The most attractive blend was neither the recipient species' A, B and C nor the donor species' A and E. Nearly 75 percent of the transplanted moths that responded to pheromones were attracted to either a blend of A, E and C or A, E, and D. The transplanted moths were "reading" the presence of a female from a pheromone blend not seen in nature.

The moths were then shipped to the University of Utah, where Vickers and Lee probed the neurological basis for the moths' behavior. They focused on the antennal lobe of the brain, where axons from the antennae, conveying detection of odorants, connect to globular odor processing structures called glomeruli. In a normal H. subflexa moth, the antennal receptors for each odorant connect to their own distinct glomerulus.

In exploring the neural wiring between receptors, glomeruli and downstream connections to higher brain centers, Vickers and Lee found that the transplanted odorant receptors still connected to distinct glomeruli, although not in the same locations as in normal moths. And even though the transplanted antennae were sensitive to different odorants than normal antennae, activation of three glomeruli was enough to make the moths think a female was nearby.

Integrating parts into a whole

The results demonstrate how the brain depends on the organism's sensory inputs to make sense of the world. "The brain is a prisoner," Vickers says.

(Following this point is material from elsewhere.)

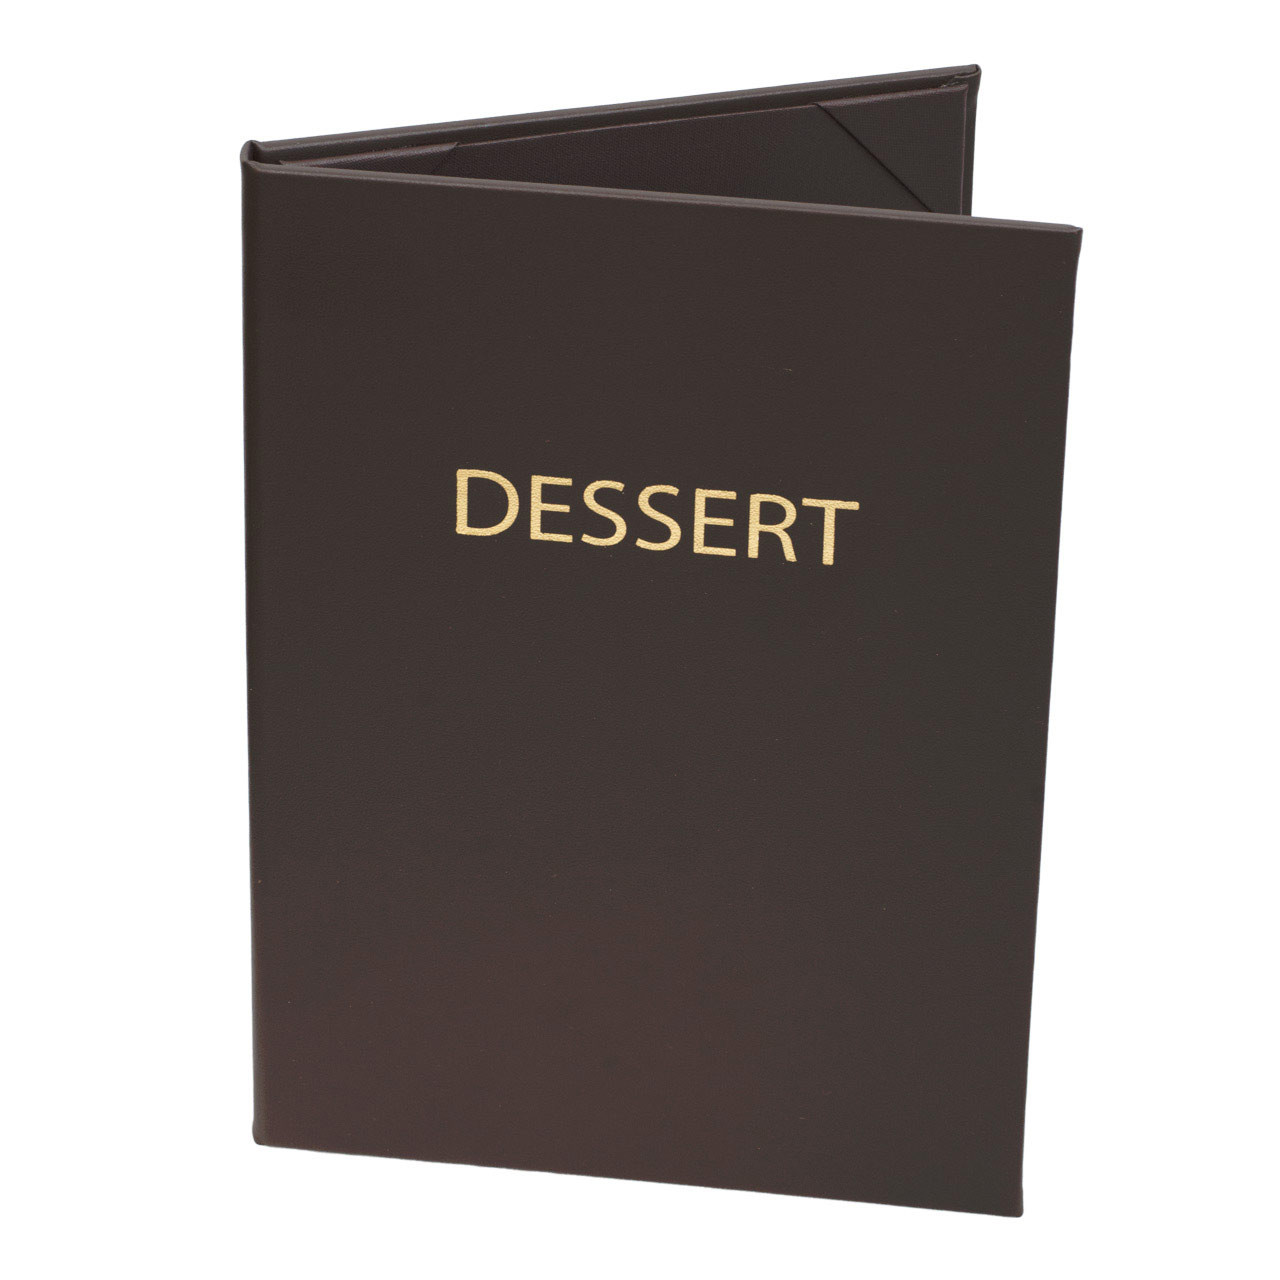 "5 1/2"" x 8 1/2"" Insert Menu Cover 2-panel chocolate brown"

Bereft of its own connections to the outside environment, the brain can only integrate the information provided by the senses.

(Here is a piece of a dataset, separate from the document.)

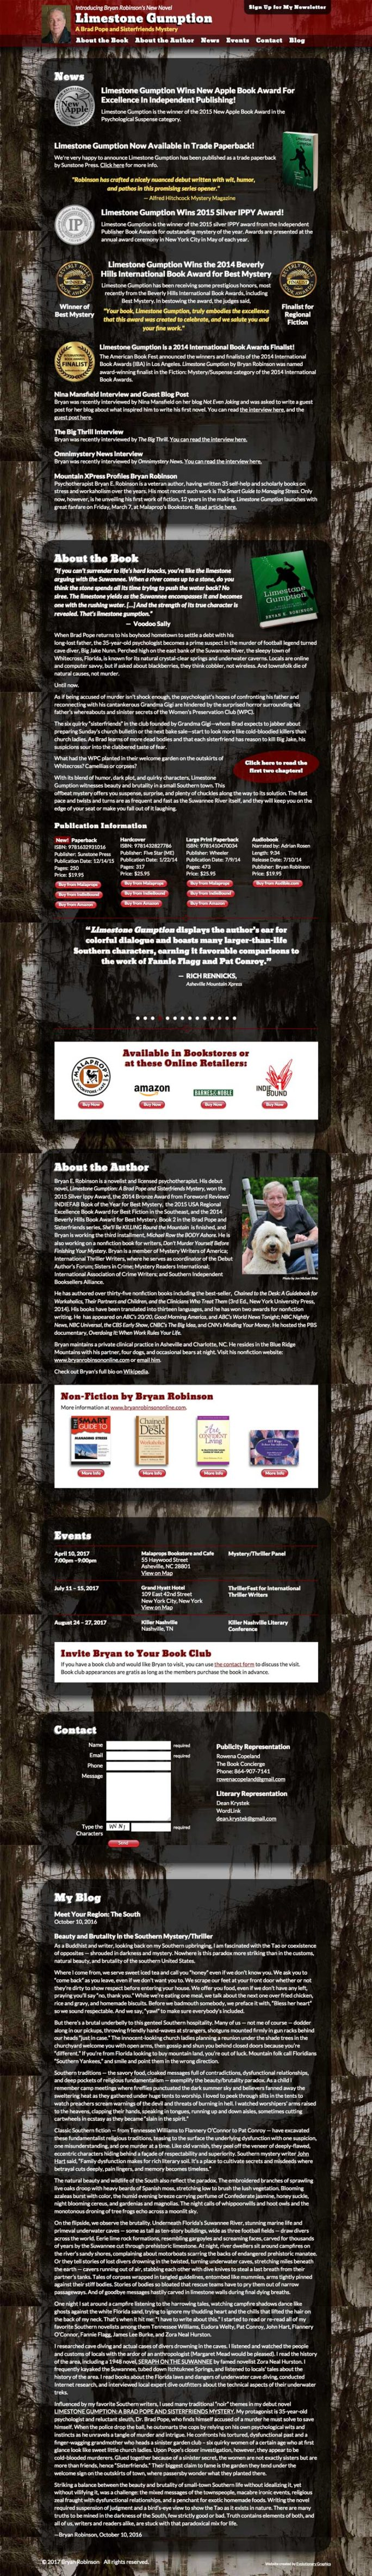 Brnovels Website Design Notebook

The integration, Vickers says, is similar to the way a wine expert identifies a particular vintage. The expert's nose detects compounds given off by the wine, disassembles the olfactory signal into its chemical components and passes the analysis on to the brain. Then the brain reintegrates those components into an identification of, say, a 1995 Bordeaux. "The brain," he says, "has to reassemble the signal into some version of reality."

How does such integration happen? How do signals from a moth's antennal lobe translate into the impetus to fly toward a pheromone? That, Vickers says, is the next unanswered question -- and his next step.